In 2010, he founded the Savvy Gallery in Berlin, bringing together art from the West and elsewhere, and in 2017 was one of the curators of Documenta, a prestigious contemporary art event in the German city of Kassel.

Convinced of the belief that history “has been written by a particular type of people, mostly white and men,” Ndikung has had all the rooms in the HKW renamed after women.

These are figures who have “done something important in the advancement of the world” but were “erased” from history, he added.
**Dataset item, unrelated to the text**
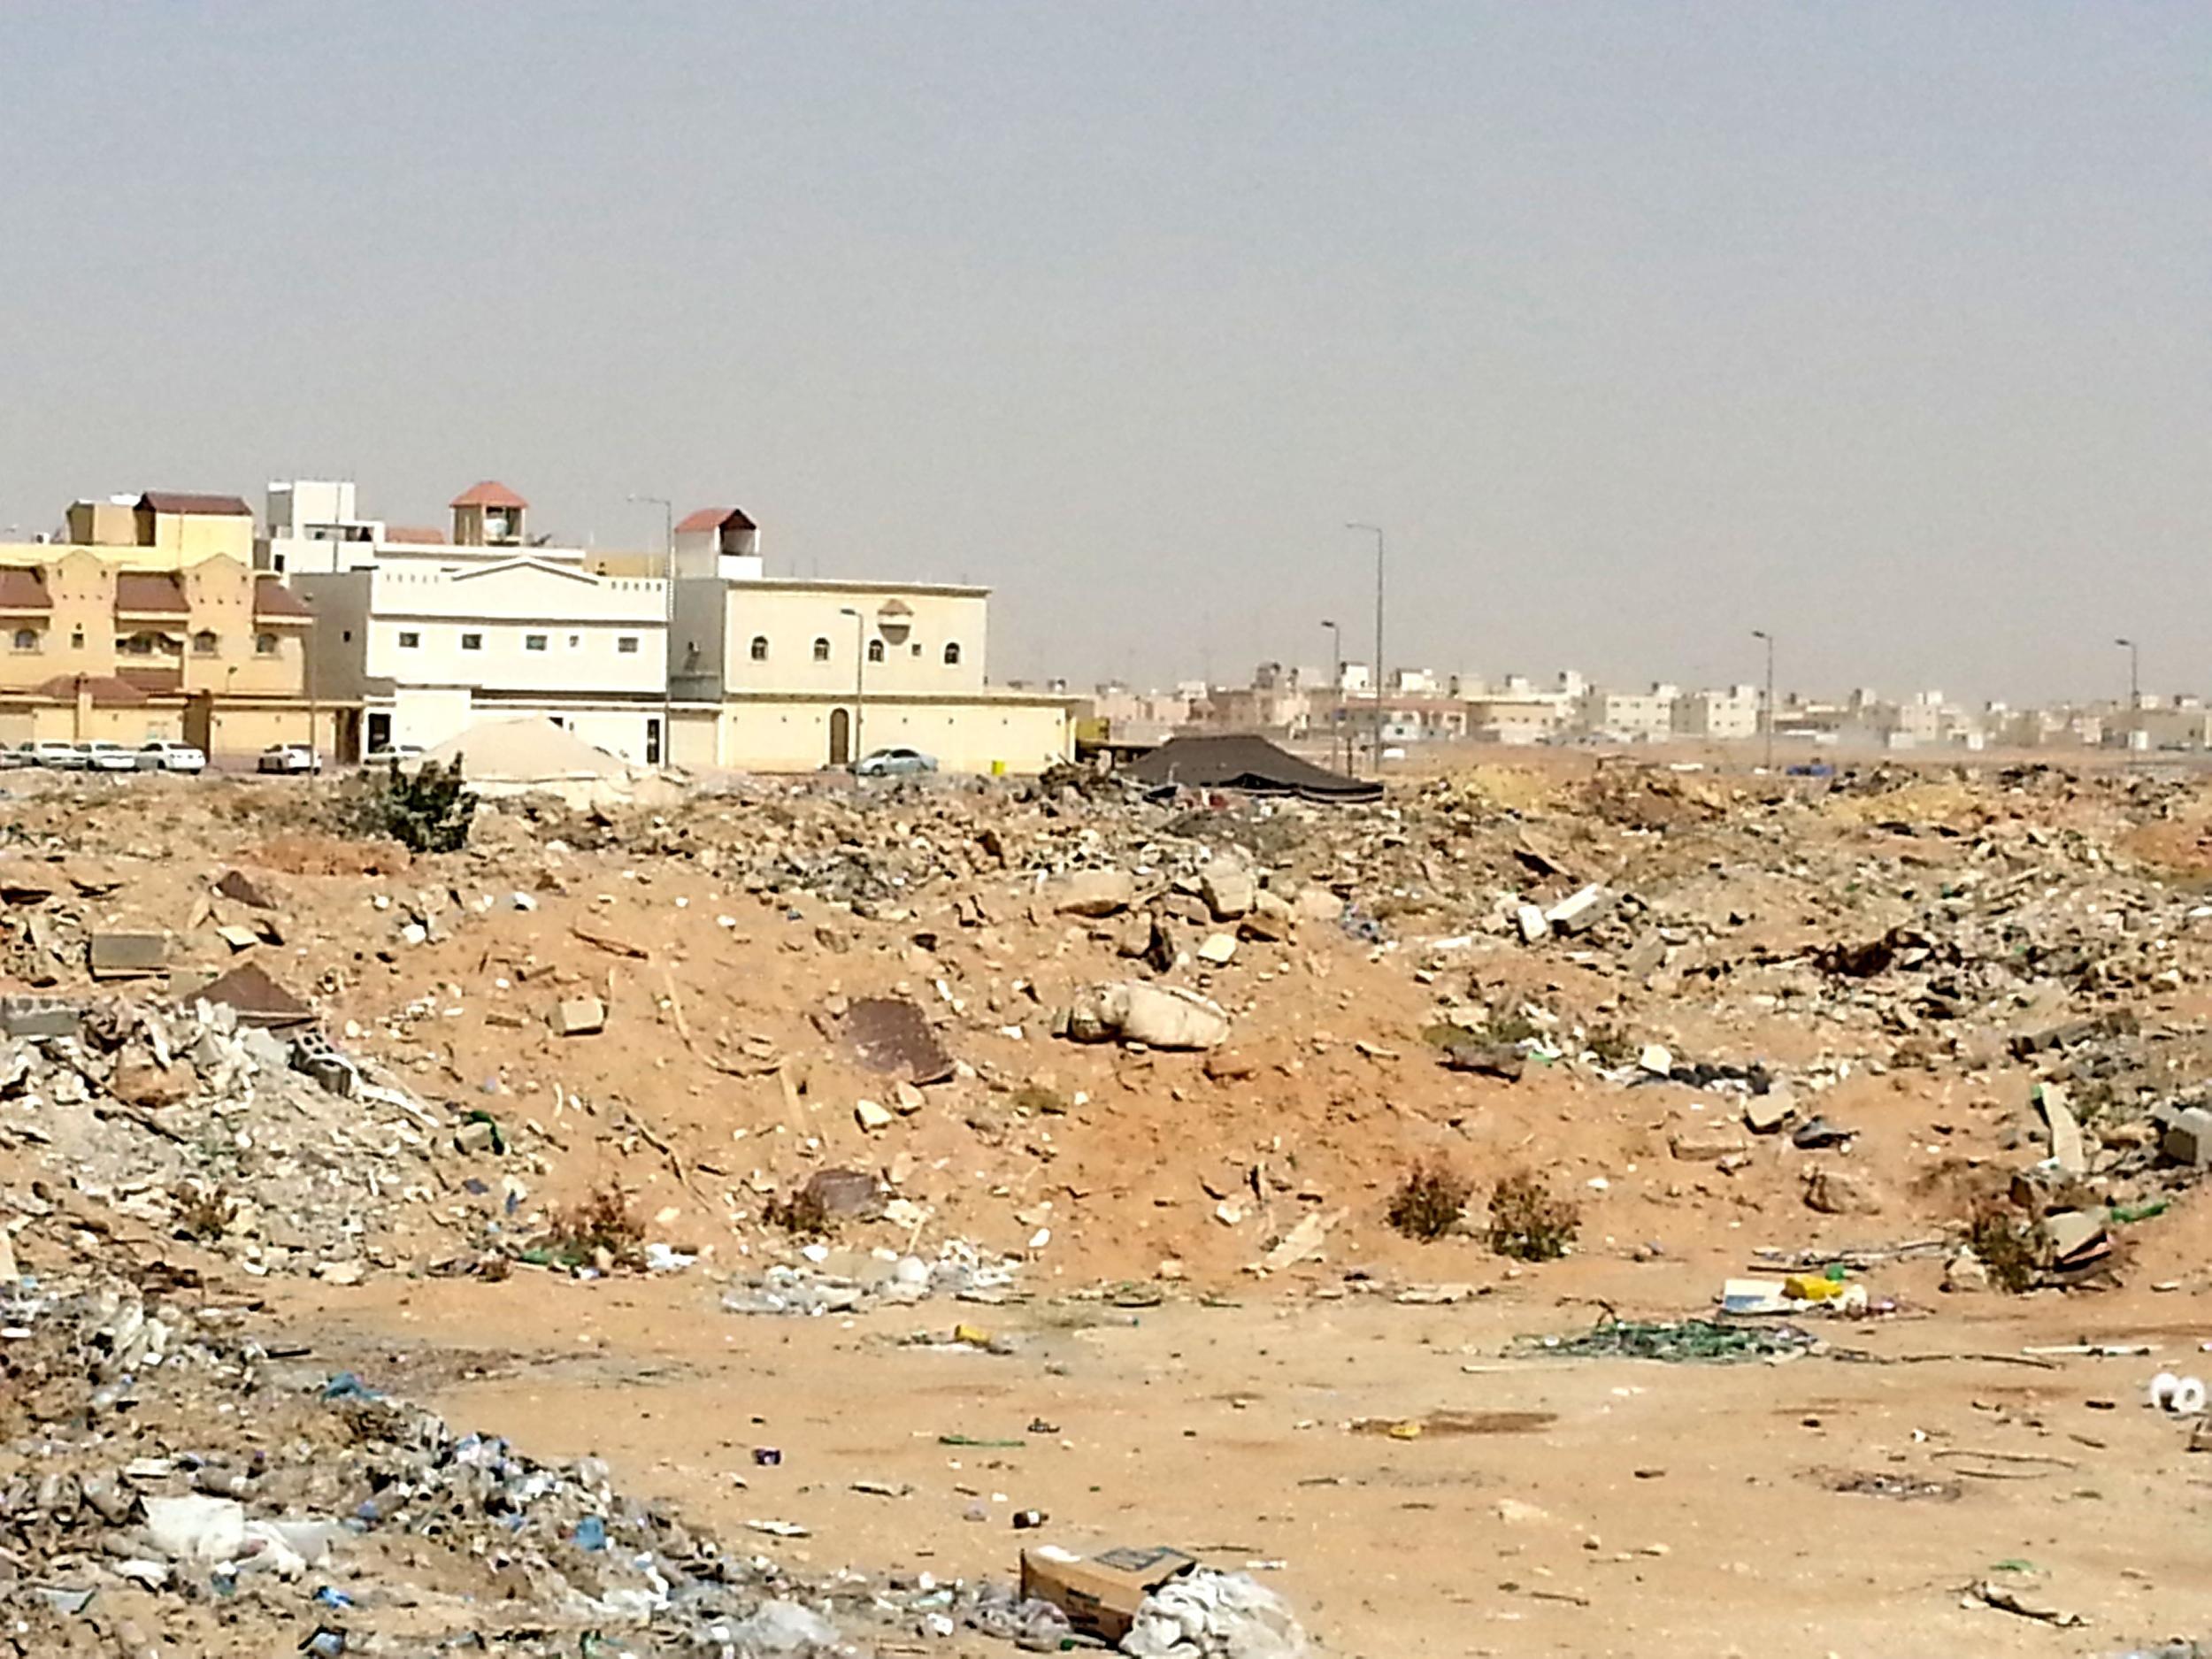 New housing area in Al Nazeem
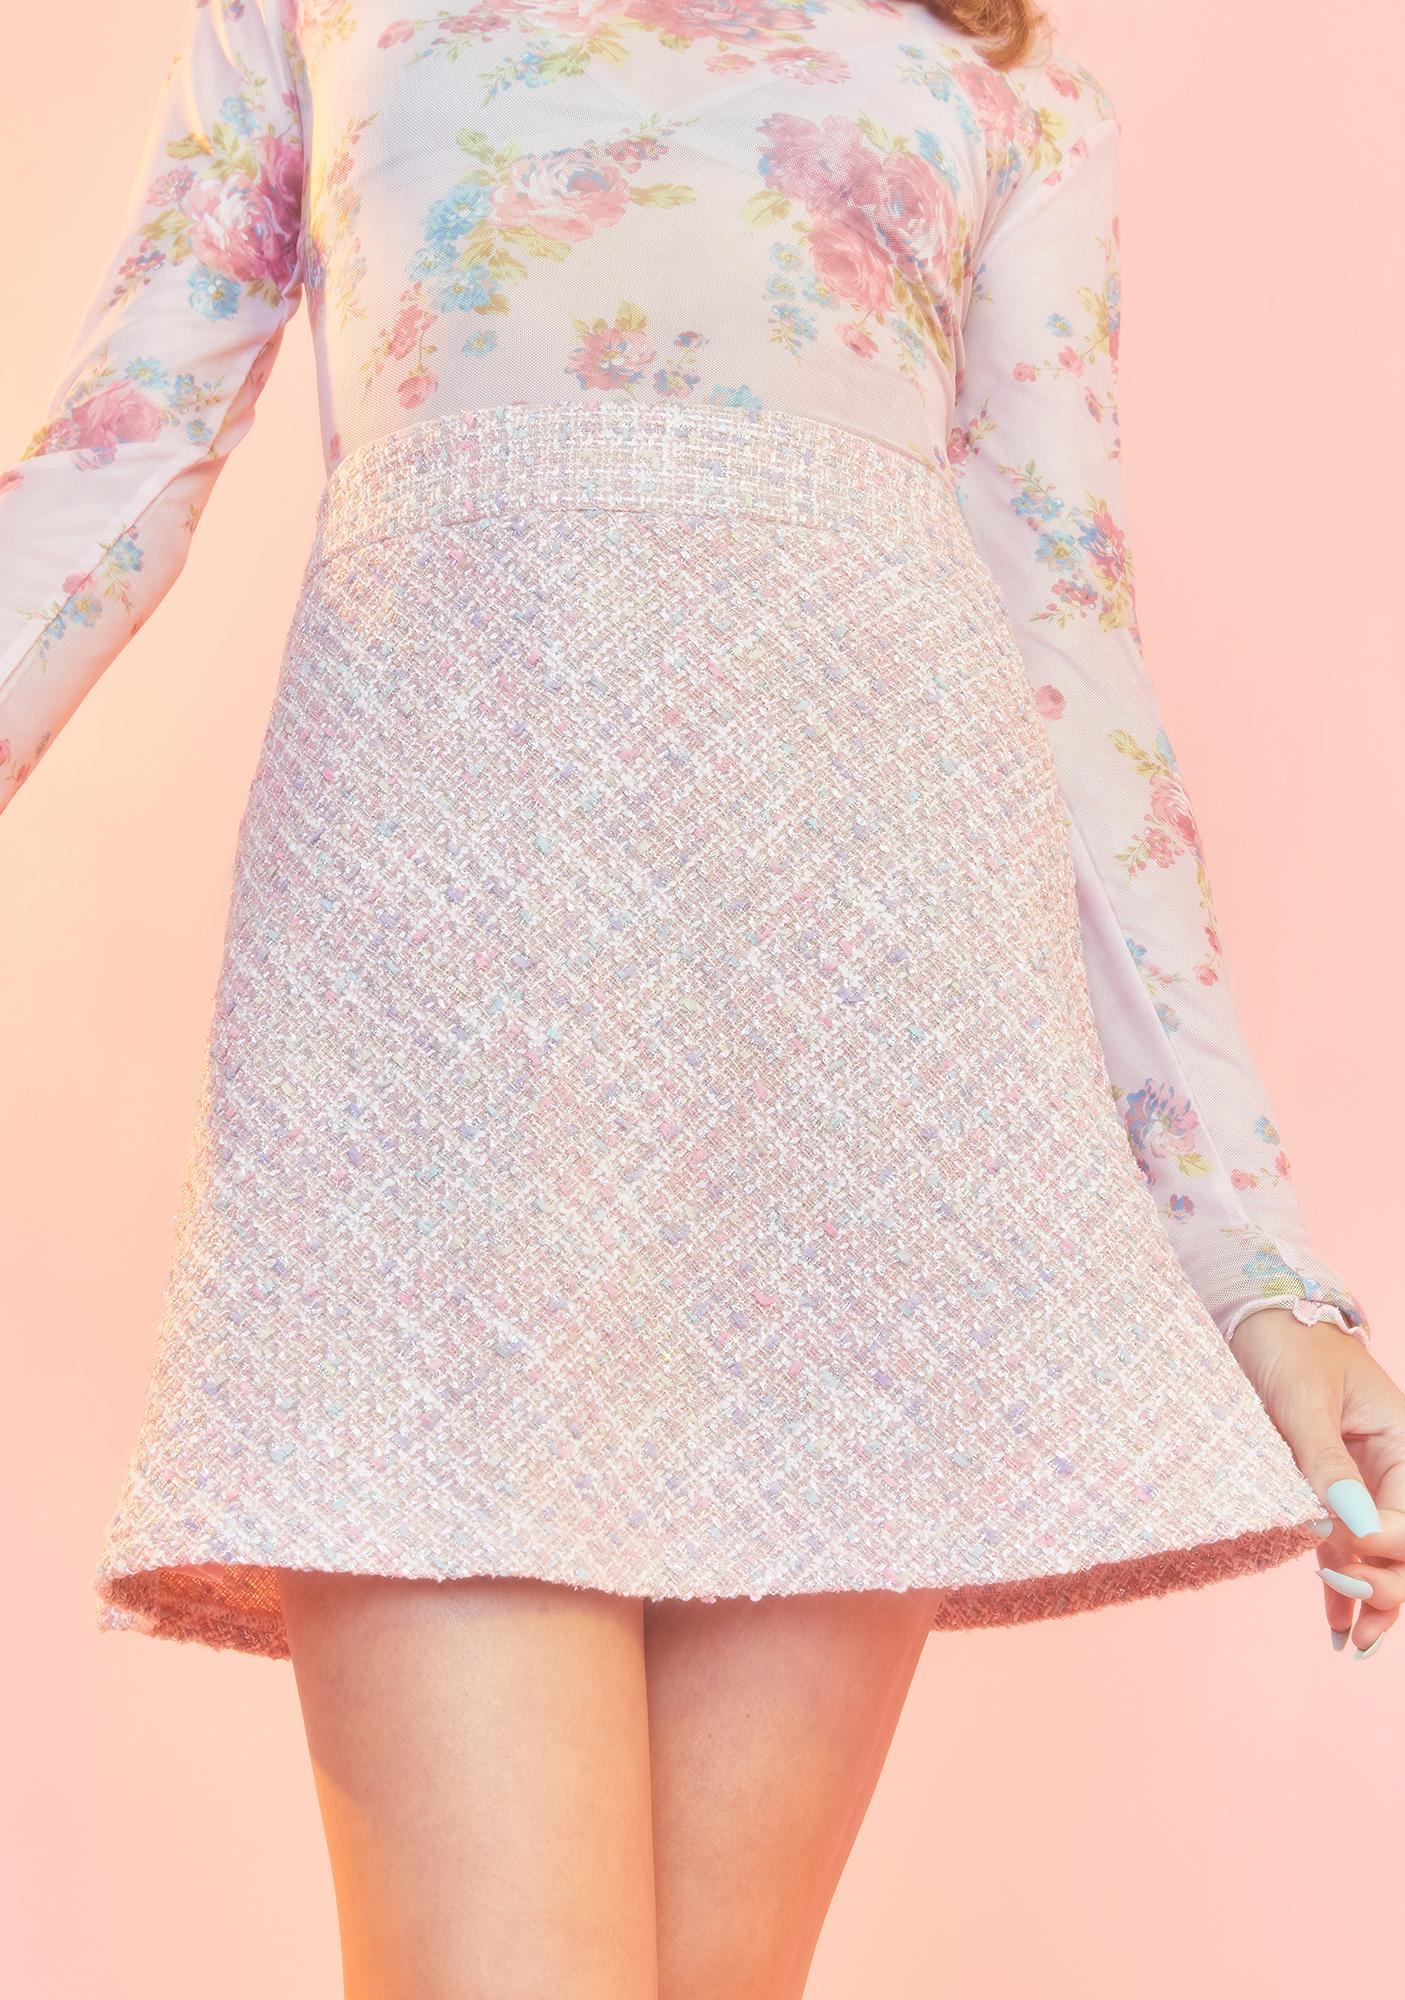 Sugar Thrillz Baby We're Going Shopping Mini Skirt

Among them is Frenchwoman Paulette Nardal, born in Martinique in 1896.

She helped inspire the creation of the “negritude” movement, which aimed to develop black literary consciousness, and was the first black woman to study at the Sorbonne in Paris.

Reassessing history

Ndikung’s appointment at the HKW comes as awareness grows in Germany about its colonial past, which has long been overshadowed by the atrocities committed during the era of Adolf Hitler’s Nazis.

Berlin has in recent years started returning looted objects to African countries which it occupied in the early 20th century — Burundi, Rwanda, Tanzania, Namibia and Cameroon.

“It’s long overdue,” said Ndikung.

He was born in Cameroon’s capital, Yaounde, into an anglophone family.

The country is majority francophone but also home to an anglophone minority and has faced deadly unrest in English-speaking areas, where armed insurgents are fighting to establish an independent homeland.

One of his dreams is to open a museum in Cameroon “bringing together historical and contemporary objects” from different countries, he said.

He would love to locate it in Bamenda, the capital of Cameroon’s restive Northwest region.

“But there is a war in Bamenda, so I can’t,” he says.